Accordingly, we briefly summarize the key insights from this study. First, the use of theoretical lenses (both the frequently used theories in IS and the native IS theories) is recommended to develop theory-informed simulation models. There is a choice to opt for a comprehensive multi-theoretic foundation in simulation model development versus a more parsimonious use of theory. The multi-theoretic approach is particularly well-suited for deductively establishing epistemic credibility in complex simulation models, whereas the parsimonious approach generally relies on inductive arguments based on empirical observations. Second, some simulation techniques require a comprehensive coverage of system components to account for the socio-technical nature of IS phenomena, while other simulation techniques can more easily isolate and focus on specific components. Simulations that aim to provide mechanism-based explanations are required to detail hidden causal mechanisms in the simulation models. In contrast, simulations that remain epistemically opaque in their operation, e.g., artificial neural networks, allow to hide away these details. Third, IS scholars should consciously and purposefully employ different validation techniques to ensure the reliability and validity of obtained simulation results. We find that a clear inductive or deductive approach is only rarely possible. Instead, simulations generally must be validated by using multiple, complementary, deductive and inductive techniques, which counteract the loss of credit due to the different epistemic inferences made in the simulation process. Fourth, the choice of simulation techniques by IS scholars should be in line with the intended type of theorization in the given study. Criticizing extant theory or proving novel theory necessitates coherent and intelligible inferences in modeling decisions (e.g., in analytical simulation models). In contrast, emergent and epistemically opaque simulations (e.g., agent-based simulations) offer a potential discover new phenomena and explore the underlying mechanisms.

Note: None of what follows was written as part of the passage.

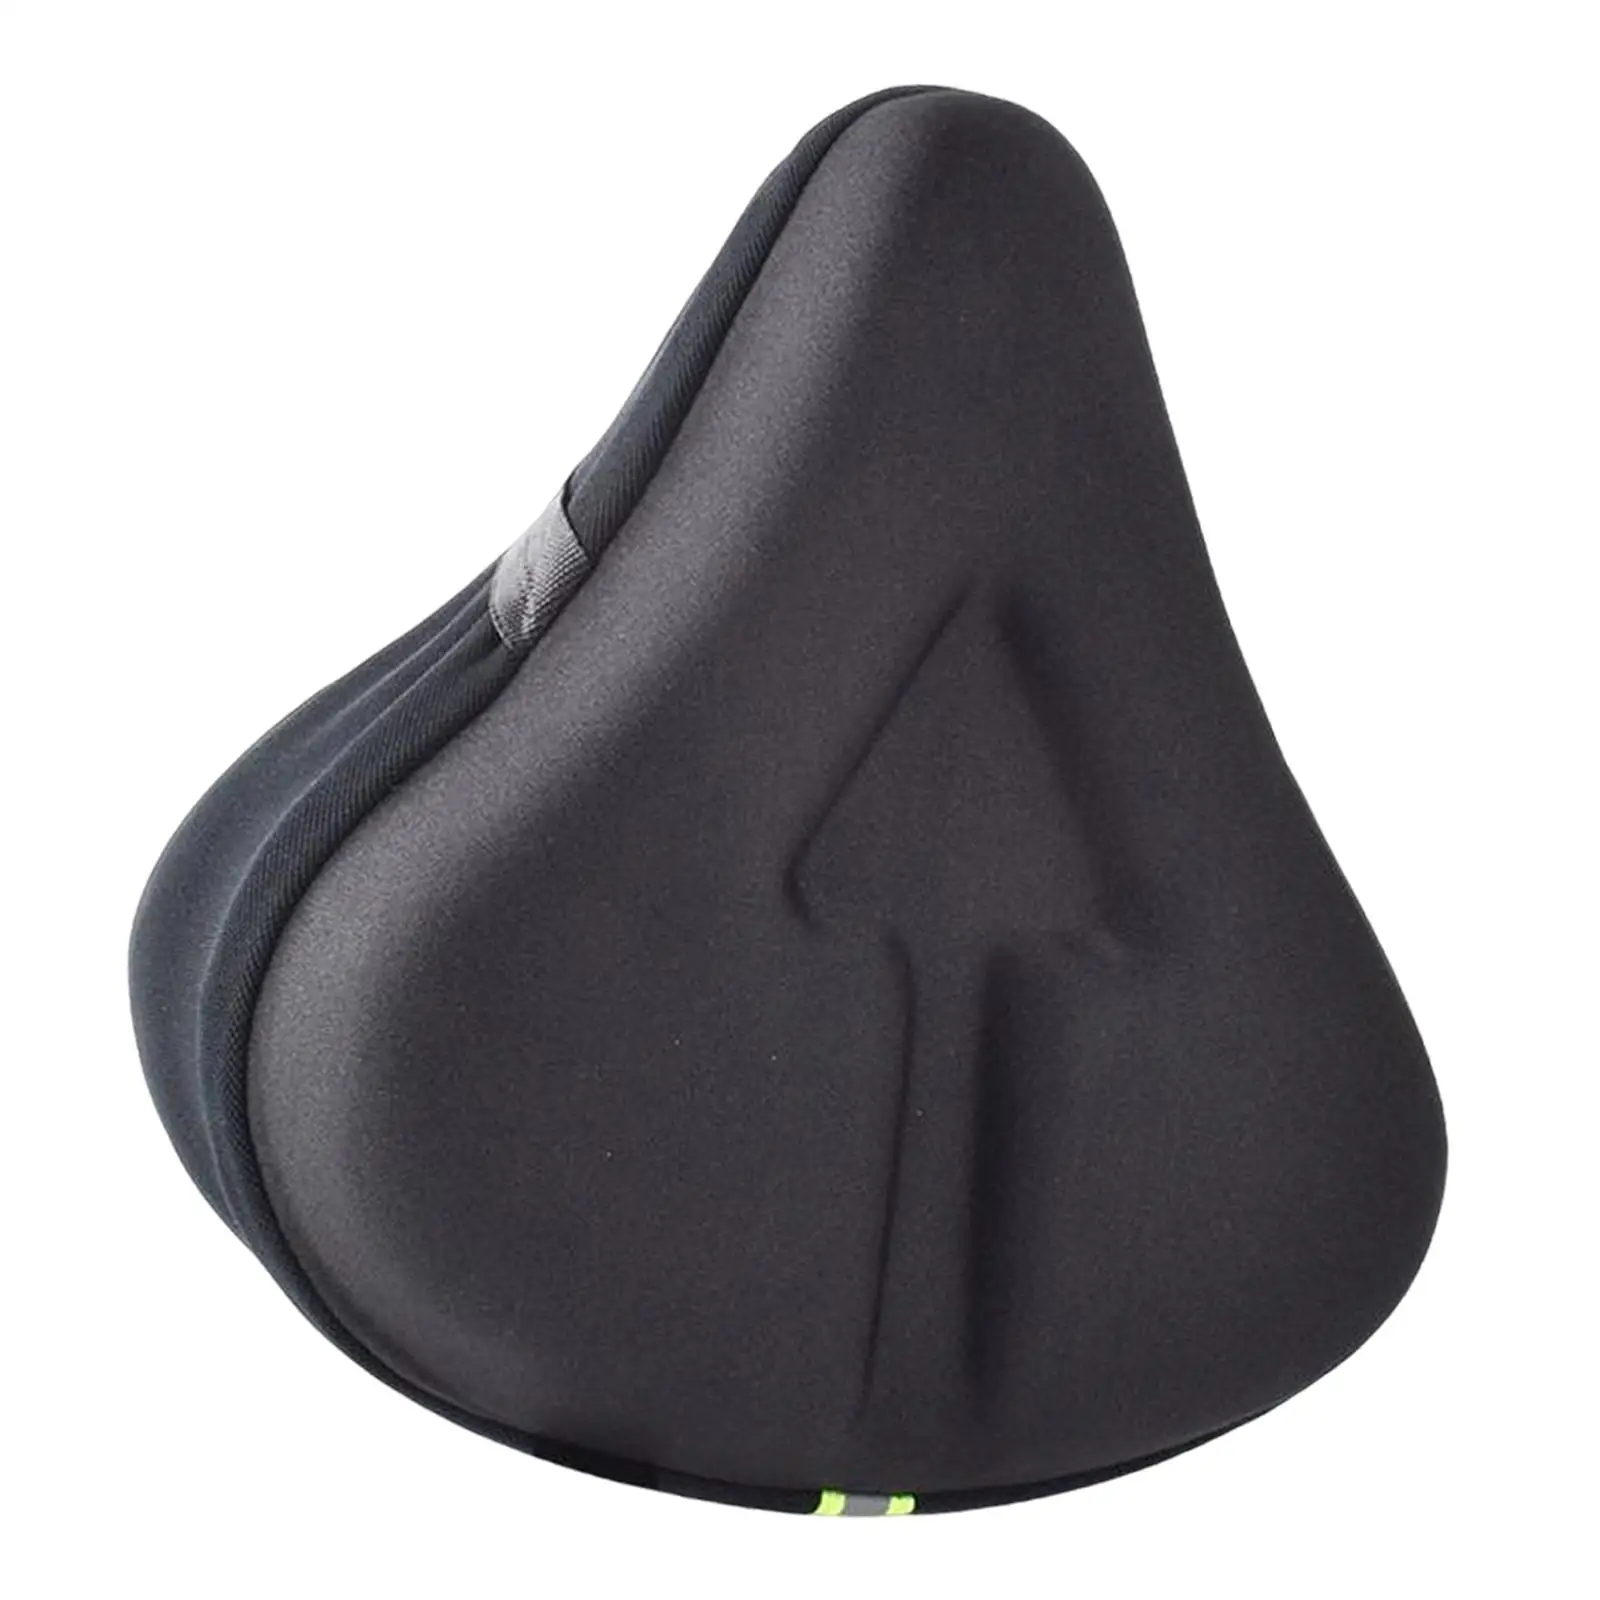 Bike Seat ,  Padded Seat Covers on for Saddles, Comfortable  Bike Replacement

Finally, we want to discuss two important limitations of this research. First, and most notably, this research is inevitably selective in discussing related topics as well as limited in the depth of discussions due to the breadth of the investigated subject. For each single simulation technique, there exists a wealth of published knowledge and often we only scratch the surface in this paper. While we try to provide pointers to further information for readers, well-versed experts in a specific simulation technique will most likely have a deeper understanding of the corresponding intricacies than we present in this analysis.

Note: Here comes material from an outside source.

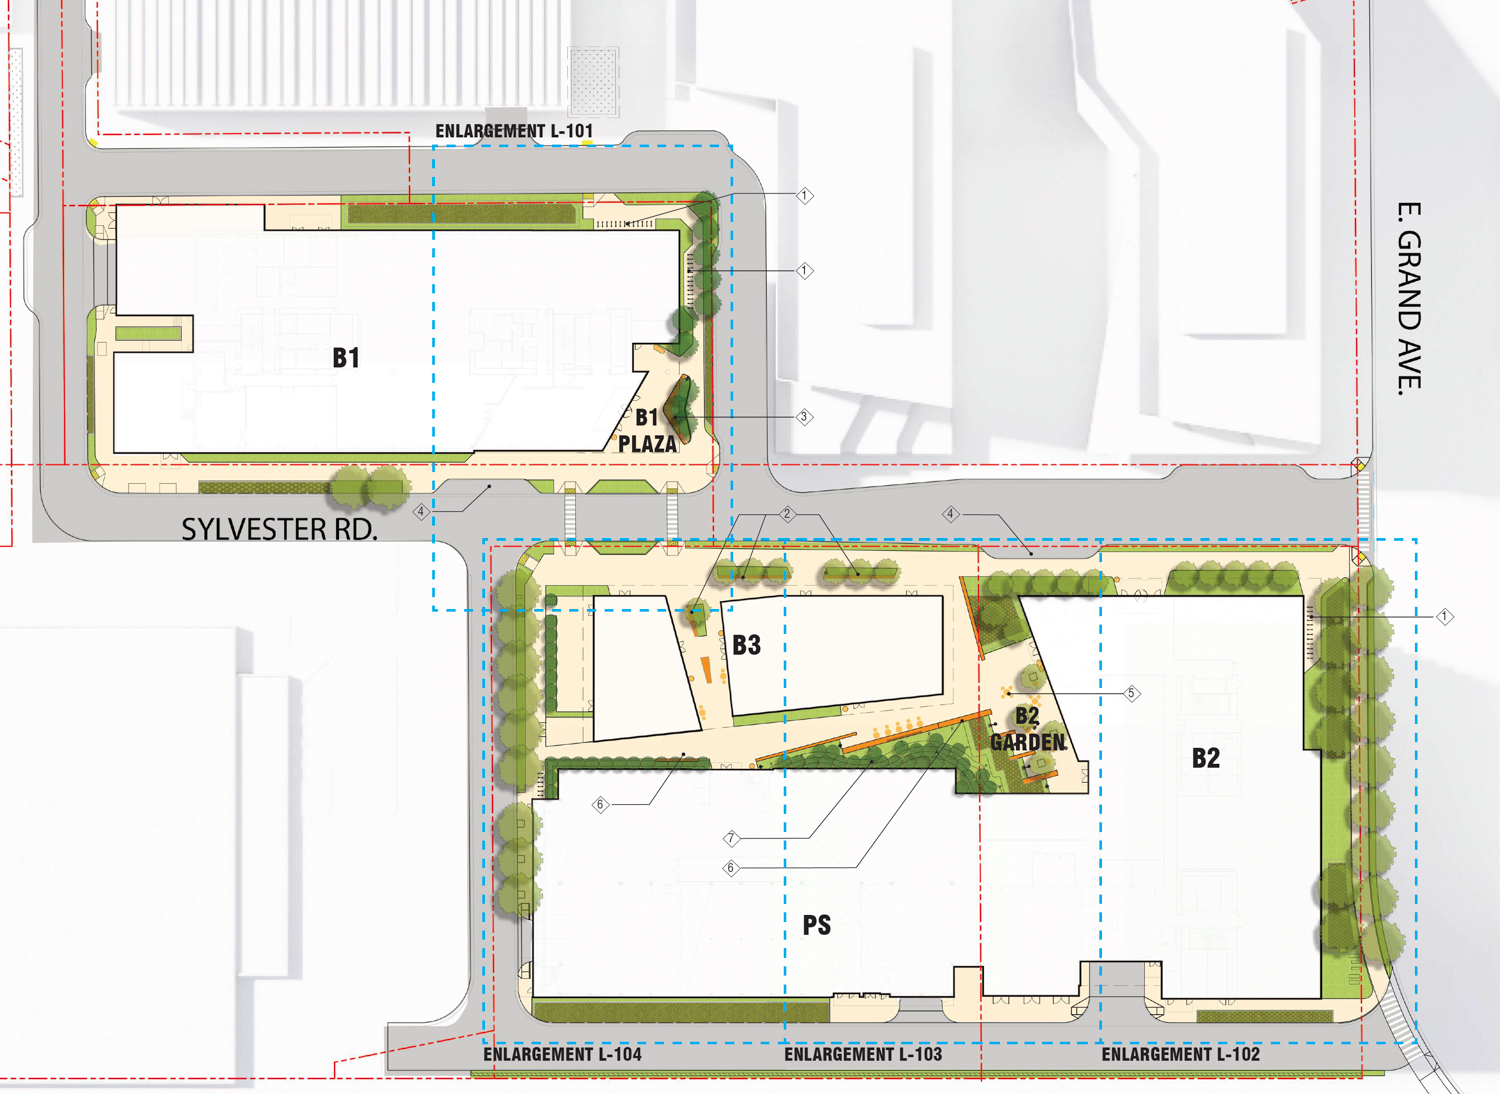 120 East Grand Avenue site map, illustration by Bionic

Furthermore, a literature review is methodologically limited to an investigation of the status quo of a phenomenon, since it only considers previously published research. However, analyzing and critically examining the results of our literature review in the context of ongoing discussions in the philosophy of science allows us to not only summarize prior research, but also to critically examine the contributions and to provide additional explanations for the observed patterns in the reviewed papers (Rowe 2014). Consequently, by studying a representative sample of simulation-based research in IS, we can use the tacit knowledge of experienced simulation researchers to facilitate future simulation-based IS studies for less experienced scholars.